En la sala de estar, Don Romano y mi madrastra, María, estaban viendo la televisión. Cuando entré, mi padre la apagó.

—Bien, ¿cuál es tu condición?

Me senté en el sofá frente a ellos. —Quiero que me desconozcan.

La expresión de Don Romano se congeló. —¿Qué dijiste?

María, sentada a su lado, prácticamente se iluminó.

—Dije que me casaré con el heredero moribundo de la familia Sierra. A cambio, cortaremos todos los lazos. A partir de este momento, ya no soy de los Romano.

—Pueden dar la bienvenida a su amante y a su hija bastarda a esta casa con los brazos abiertos. ¡El día que organizaste el accidente automovilístico que mató a mi madre, dejé de quererte como padre de todos modos!

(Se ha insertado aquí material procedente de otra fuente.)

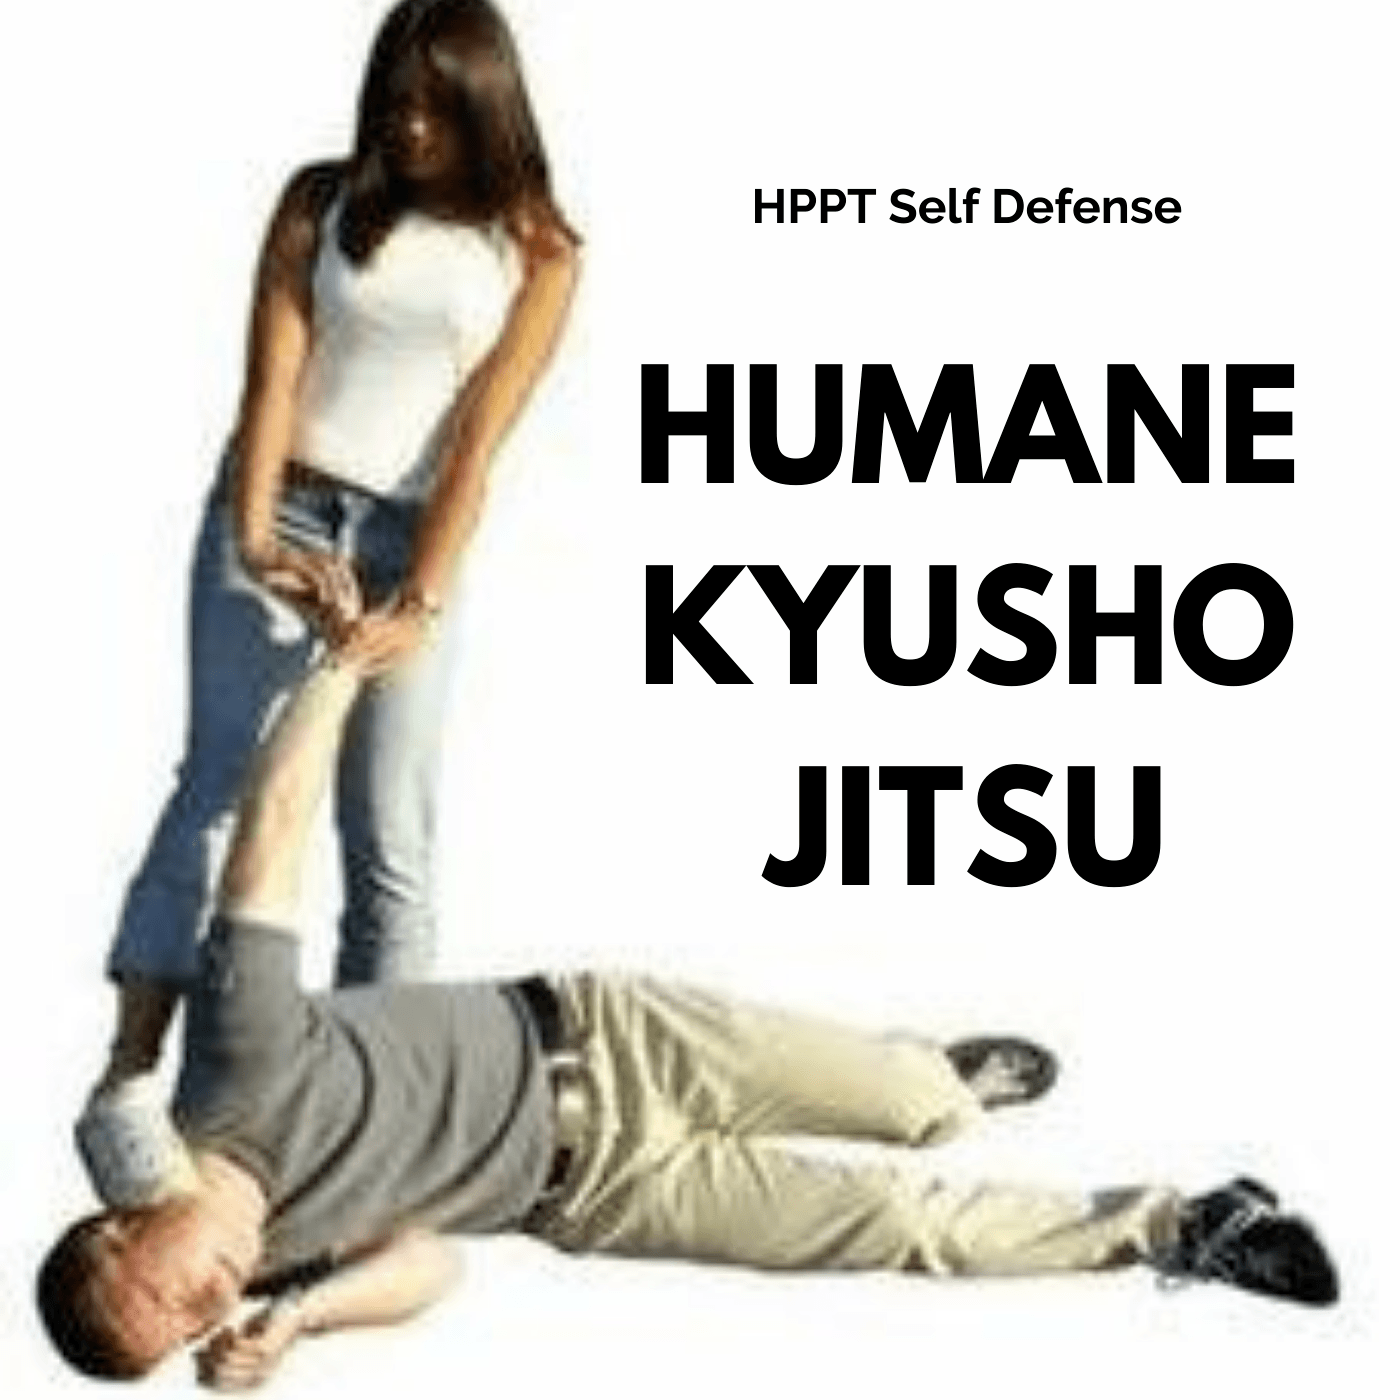 * Humane Kyusho Jitsu

El rostro de Don Romano se puso ceniciento. —¡Te dije que ese choque fue un accidente!

Lo miré a los ojos y me burlé. —Accidente o no, ella murió de camino a encontrarte engañándola con María. Papá, dejemos de fingir que somos una familia feliz. Llevas cinco meses intentando venderme a los Sierra. ¿No es solo para que tu preciosa amante finalmente pueda casarse con la familia, para que tu hija bastarda finalmente pueda tomar el nombre de Romano?

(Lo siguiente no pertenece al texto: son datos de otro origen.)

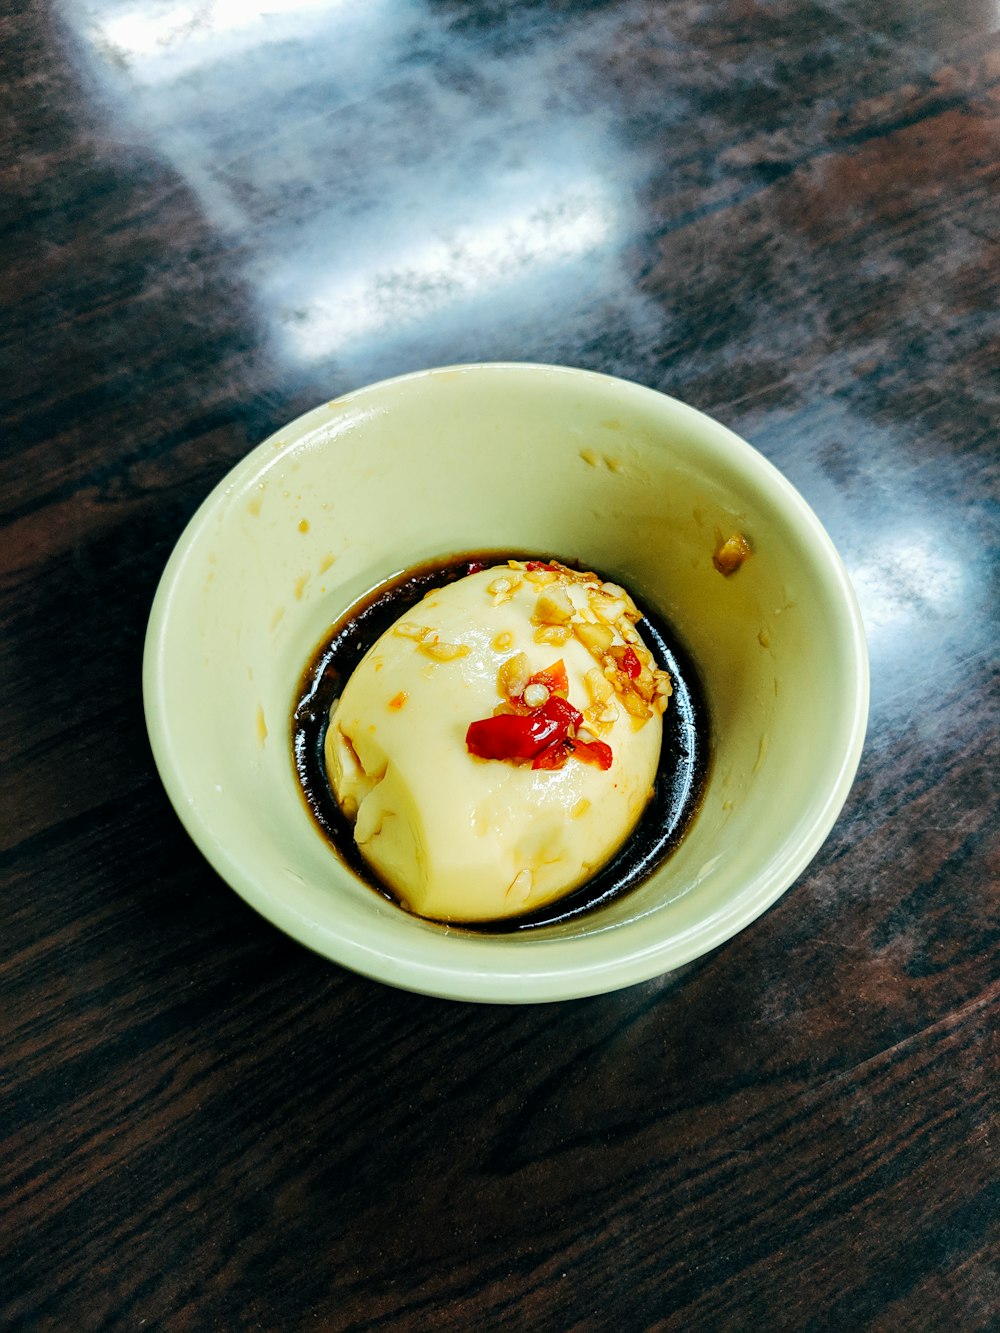 white ceramic bowl with ice cream

Don Romano se puso de pie de un salto. —Sofía, ¿quieres que te desconozca? ¡Bien! A partir de mañana, ya no eres mi hija!

—Hecho —dije, dándome la vuelta para subir las escaleras—. Ah, y no olvides informar a la familia Sierra. Su novia ya no es la hija mayor de la familia Romano, sino una huérfana sin padres. Pregúntales si todavía están dispuestos a pagar el mismo precio.

De vuelta en mi habitación, cerré la puerta y la máscara que llevaba finalmente se derrumbó.

Las lágrimas corrían por mi rostro. Me acurruqué en la cama, como un animal herido lamiendo sus heridas.

“¿Lo sabes, Vicente? Para finalmente dejarte, tuve que renunciar a lo único que me quedaba.”

A la mañana siguiente, escuché el sonido de muebles siendo movidos abajo.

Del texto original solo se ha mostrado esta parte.